Equivalent TOML (still supported via flow consume):
pipeline_name = "orders-payments"
[[sources]]
query = "orders"
kind = "kafka"
bootstrap_servers = "localhost:9092"
group_id = "ematix-flow"
[[sources]]
query = "payments"
kind = "kafka"
bootstrap_servers = "localhost:9092"
group_id = "ematix-flow"
[target]
kind = "postgres"
url = "postgres://localhost/wh"
[target.table]
schema = "public"
name = "orders_with_payments"
[transform]
[transform.join]
kind = "inner" # or "left_outer" / "right_outer" / "full_outer"
left_source = "orders"
right_source = "payments"
left_keys = ["order_id"]
right_keys = ["order_id"]
time_window_ms = 300000
# late_data = "drop" # default; "reopen" extends retention by allowed_lateness_ms
[state_store]
kind = "postgres"
url = "postgres://localhost/ematix_state"
Join semantics in one paragraph. A row from each side joins with
every row from the other side that shares the configured key and
whose event-time falls within time_window_ms. Inner join only.
Per-side per-key buffers retain rows until
global_wm > entry.event_ts + time_window_ms + allowed_lateness_ms,
then evict per-row. Output schema concatenates left_<col> +
right_<col> (prefix configurable).
Each pair emits exactly once — when the second-arriving side processes the row it finds N matches in the opposite buffer and emits N joined rows.
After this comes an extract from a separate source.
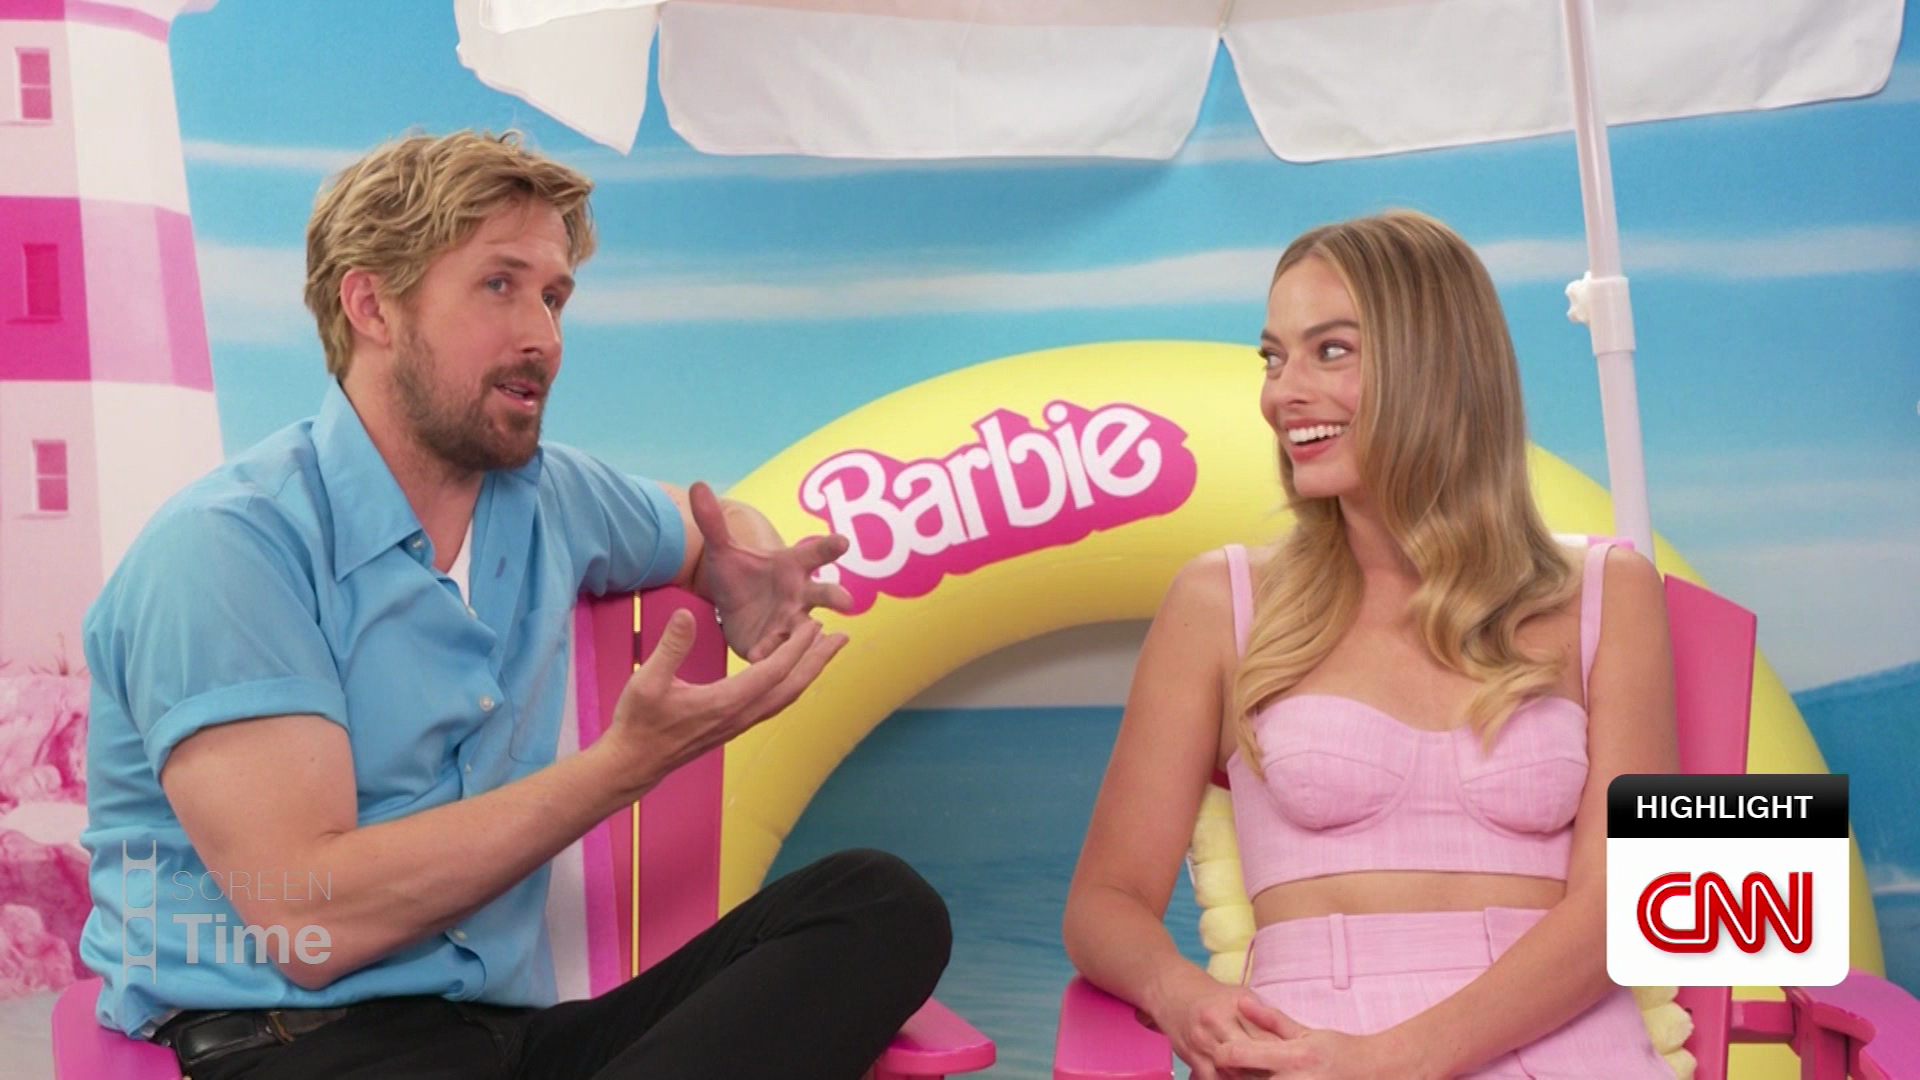 Ryan Gosling Responds to Ken, 'Barbie' Movie Criticism
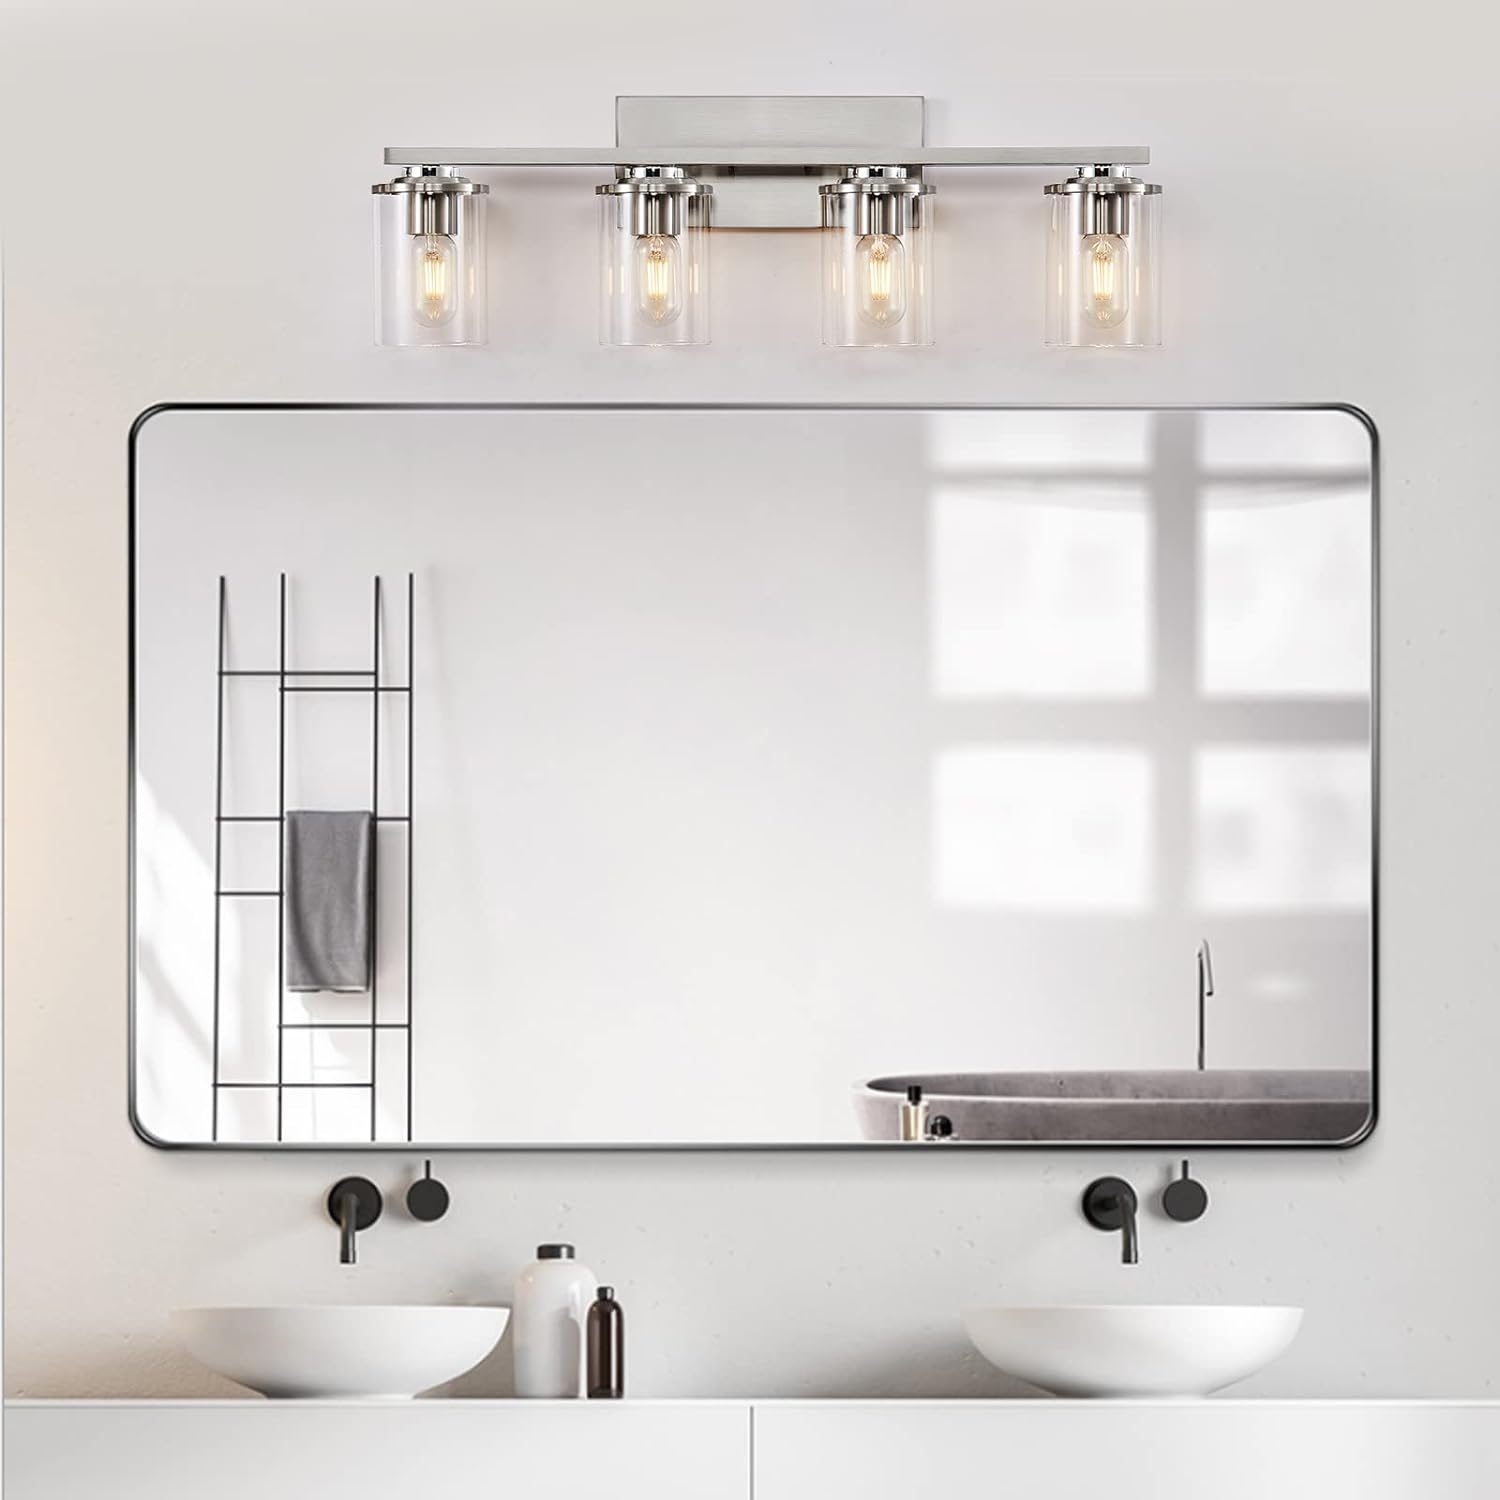 SADENICEL Vanity Lights for Bathroom, 4-Light Brushed Nickel Vanity Light Fixtures, Wall Sconces Bathroom Lighting with Clear Glass Shade

The opposite-side buffer doesn't change at that point; the new row is added to its own side's buffer.
Cross-validation.
- [transform.window] and [transform.join] are mutually
exclusive.
- [transform.join] requires [[sources]] (multi-source form,
not single [source]).
- left_source / right_source must each match the query field
of one of the configured sources.
- [transform.join] requires [state_store].
Advanced transform + watermark knobs (Π.1)¶
Two production-relevant knobs were originally accepted only via TOML; both are now drivable from the typed-Python surface and the decorator:
Per-batch error policy — transform_on_error="fail" |
"drop" | "dlq":
run_streaming_pipeline(
name="events-clean",
source=kafka_prod, source_query="events",
target=warehouse, target_table=("public", "events_clean"),
transform_sql="SELECT user_id, _event_ts FROM source WHERE valid",
transform_on_error="dlq", # batch failures → DLQ topic
dead_letter_topic="events-failed",
)
DataFusion executes per-batch, so the granularity is per-batch
(not per-row) — documented behavior. "drop" skips a failing
batch silently; "dlq" re-uses the existing dead_letter_topic
plumbing; "fail" aborts the run (default).
Watermark tuning — Watermark(lateness_ms=, source_idleness_ms=):
from ematix_flow import Watermark
run_streaming_pipeline(
...,
watermark=Watermark(
lateness_ms=5_000, # per-source slack (default 0)
source_idleness_ms=120_000, # min-watermark drops idle sources after this (default 60s)
),
)
Watermarks auto-enable for windowed pipelines + stream-stream
joins; this kwarg lets you override the framework defaults without
hand-writing a [watermark] TOML block. Either field can be set
independently — omitted fields keep the Rust core's defaults.
The same kwargs apply on @ematix.streaming_pipeline — captured
once, rendered into the TOML the runtime parses.
CDC source mode (Δ)¶
Phase Δ adds change-data-capture as a consumption mode on the
streaming pipeline. Instead of treating each Kafka batch as
"append every row to the target," the runtime decodes each
message as a CDC envelope (Debezium / Maxwell / a custom shape)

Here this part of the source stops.